Let me live each day anew.
Oh deliver not the soul of Thy
turtledove unto the multitude of the wicked: forget not the congregation of Thy
poor forever. Psalm 74:19
The Kingdom of God is justice and peace
and joy in the Holy Spirit. Come Lord, and open in us the gates of Your
Kingdom.
In everything do to others as you would
have them do to you; for this is the law and the prophets. Matthew 7:12
Lord, in our efforts to serve, help us
to be true to who we are in You. Make us see and understand the gifts and
talents You have given us, and give us courage to use them for the building up
of Your kingdom. Amen.
So
we all have different ideas of fun.
And
yesterday, after a quite long day at the Arizona History Museum and their
not-quite-ready-for –prime-time program for 66 fourth graders but one of the
dads was a wonderful help in an experienced soccer coach sort of way, and after
making a couple phone calls home to Spanish-only parents about their child’s
off task classroom behavior, and after a quite blustery playground duty, and yet
again another thirty-minute online course on how to administer the AZ Merit
test and yes, I got 100% on the post quiz, and after a pretty long meeting at
the Thomas E. Lee Instructional Resources Center detailing that TUSD only pays
for non-covered airport parking and that we were all being issued small flags
to wave respectfully and with dignity when our schools received their various
awards at the Magnet Schools of America ceremony in Baltimore, Maryland, I
headed over to the Benedictine Monastery on Country Club, parked my car under
the solar panels and jiggled the kinda tricky backdoor, to enter an entirely
different sort of world.
I
looped my dangling name tag and walked down the hall past where big plates of
rice and beans and oatmeal muffins were being handed out, around the corner
where a nice person was reviewing the rather convoluted legal ramifications of
requesting asylum to a group of very-carefully listening ears, to the
transportation room. Now, actually I haven’t been officially trained for this
duty, although I sure made a lot of phone calls that first crazy week at St.

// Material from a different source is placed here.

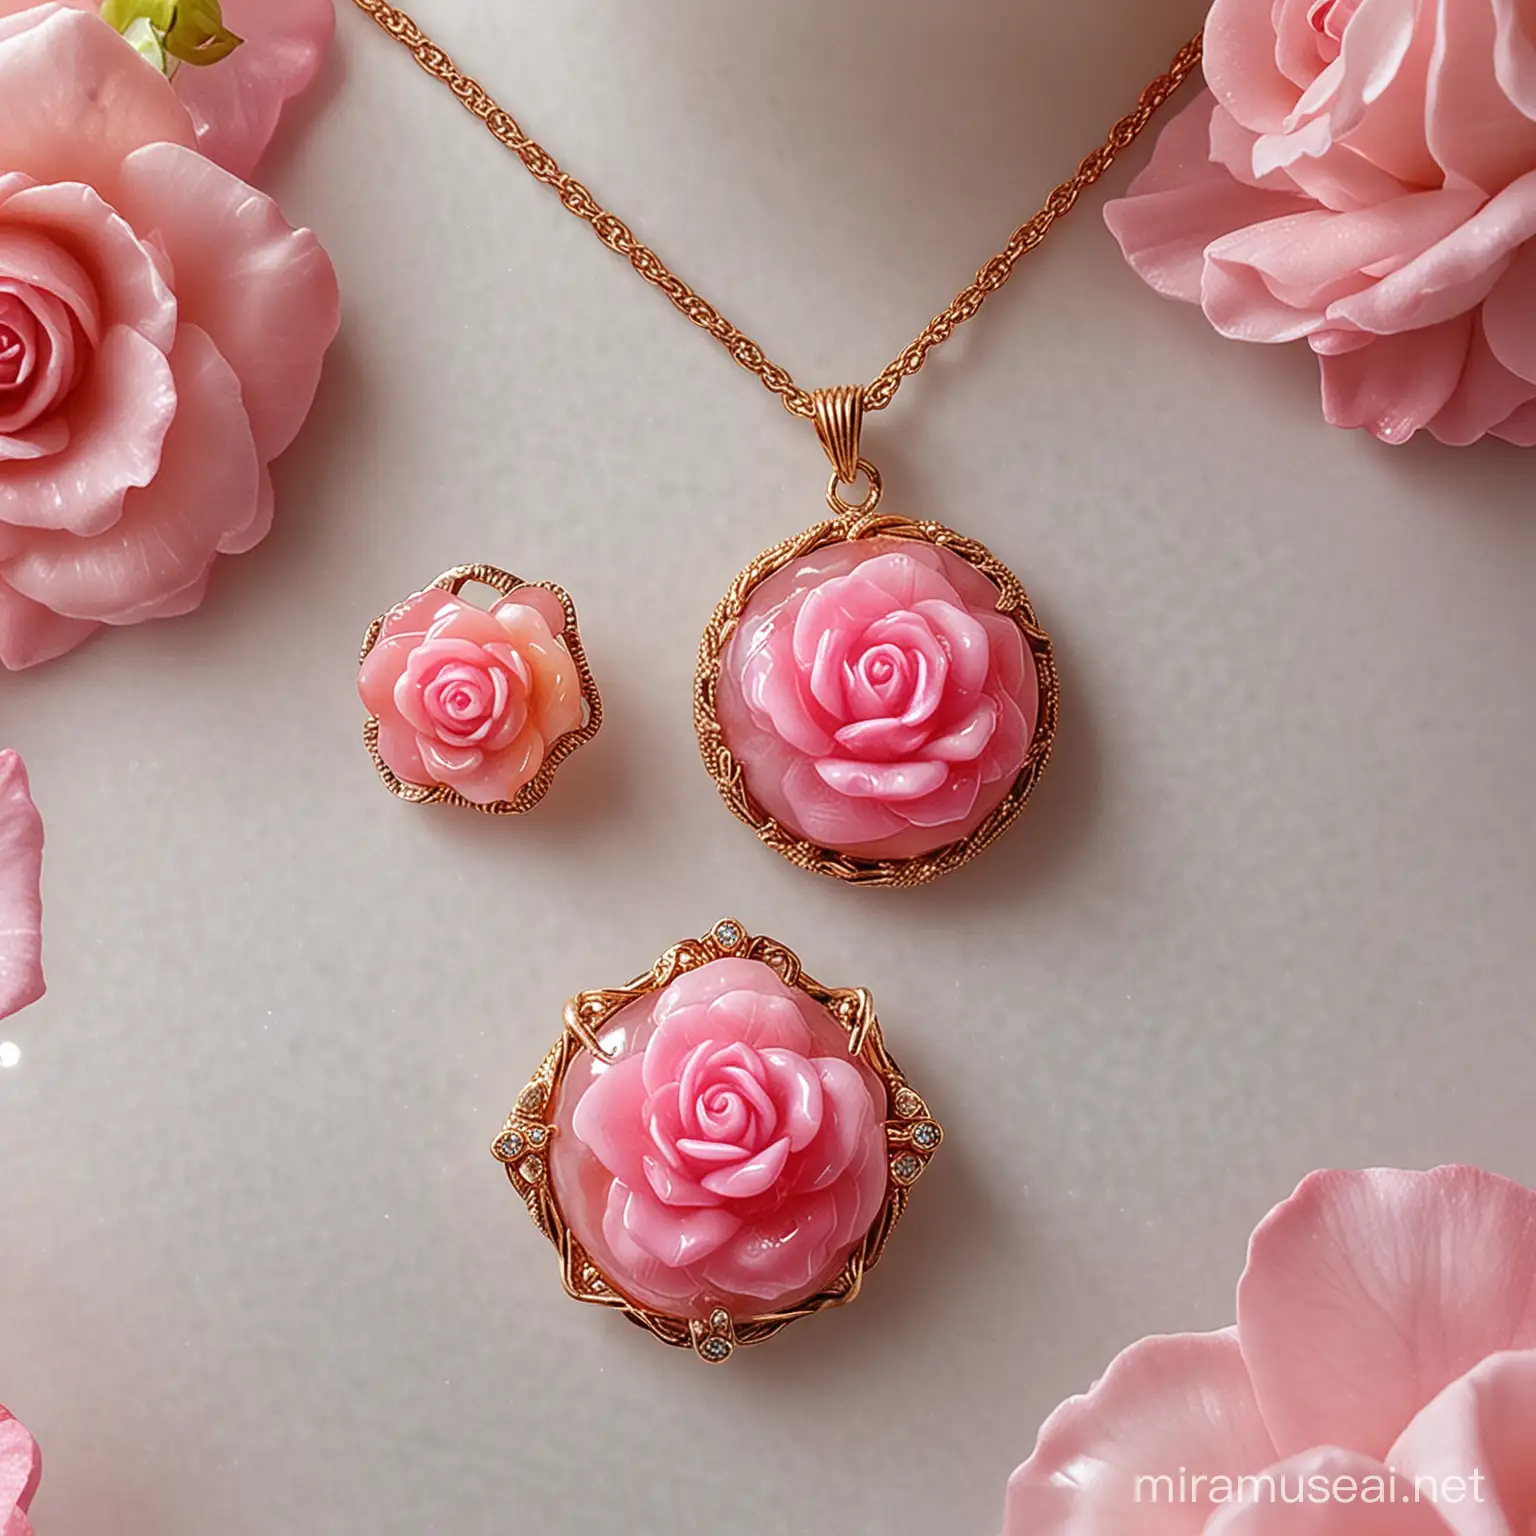 FIRE AGATE Jewelry,  Necklace, Rings and earrings.Razzie dazzie rose The image is a close-up of a pink rose.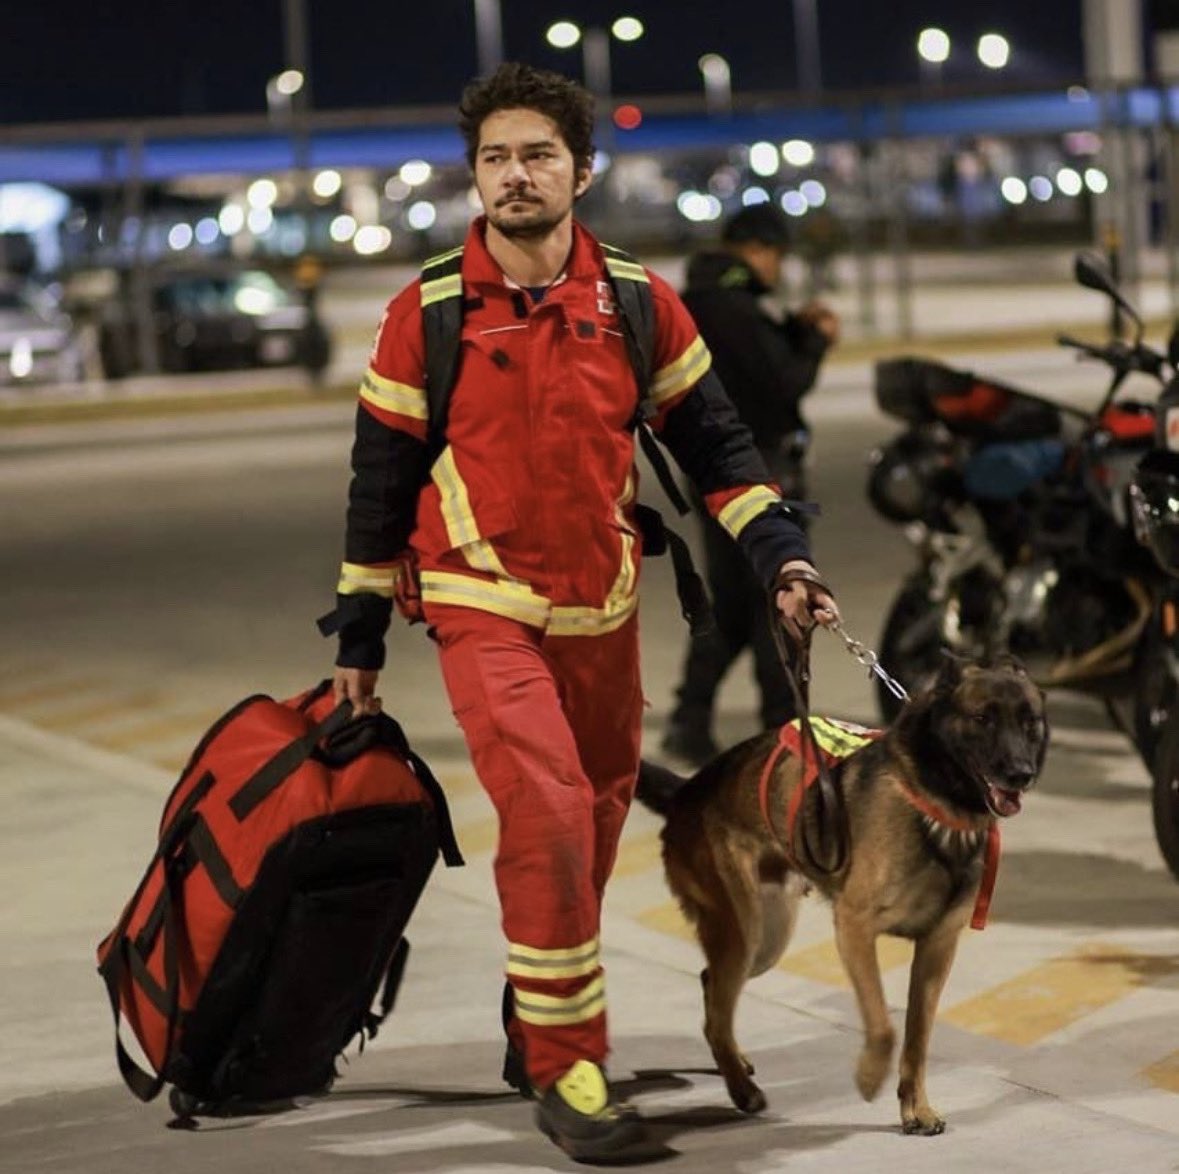 a member of the Red Cross wears a reflective, red uniform pulls a large red and black bag with his right hand, and the leash of a belgian malinois in his left hand. the dog walks with his handler across a parking lot.

Pius when Diego was making up things as we went along in lovely chaos, but 87
folks had been admitted today, and they needed someone to call each of their
contacts spread all across America and walk them through the details of
purchasing Greyhound bus tickets for each family member, and getting back to us
with the confirmation number. And it’s pretty hard talking on a phone in
Spanish reading lots and lots of numbers back in forth with about forty or
fifty pretty anxious folks crowded around and about half of them under the age
of eight, so in my free time I organized a coloring crew at my table.
And
Maria looked especially worn out. And man, her twelve-year-old daughter
looked pregnant to me, but I wasn’t doing intake, and they had already met with
the medical team, eaten dinner, and been issued clean sheets and towels, so I
focused on the phone call to her nephew in Riverside. And the first two numbers
didn’t work, but she pulled out a very tattered scrap of paper with yet a third
number and I finally got through. And he sounded cheerful and business-like,
and once I gave him all of the assorted phone numbers, and please buy tickets
that leave between 9 AM and 9 PM because it’s a lot easier to find rides to the
bus station then, I passed the phone over to Maria.
Tears
welled up in those weary eyes. Maria held the phone, and after whispering,
“Thank you,” she said to herself, to her daughter, to her nephew, to me, and to
her heavenly Father, “I am in a safe place.” Again and again she repeated, “I
am in a safe place.” At last. “God has proven faithful and not abandoned me and
my daughter. At last we are safe. We have passed through things so horrible the
mind cannot understand, but God is faithful and has brought us to a safe place
at last.”
Dear
LORD God, may I be a safe place to each of your children today, a place of Your
love, Your comfort and Your mercy.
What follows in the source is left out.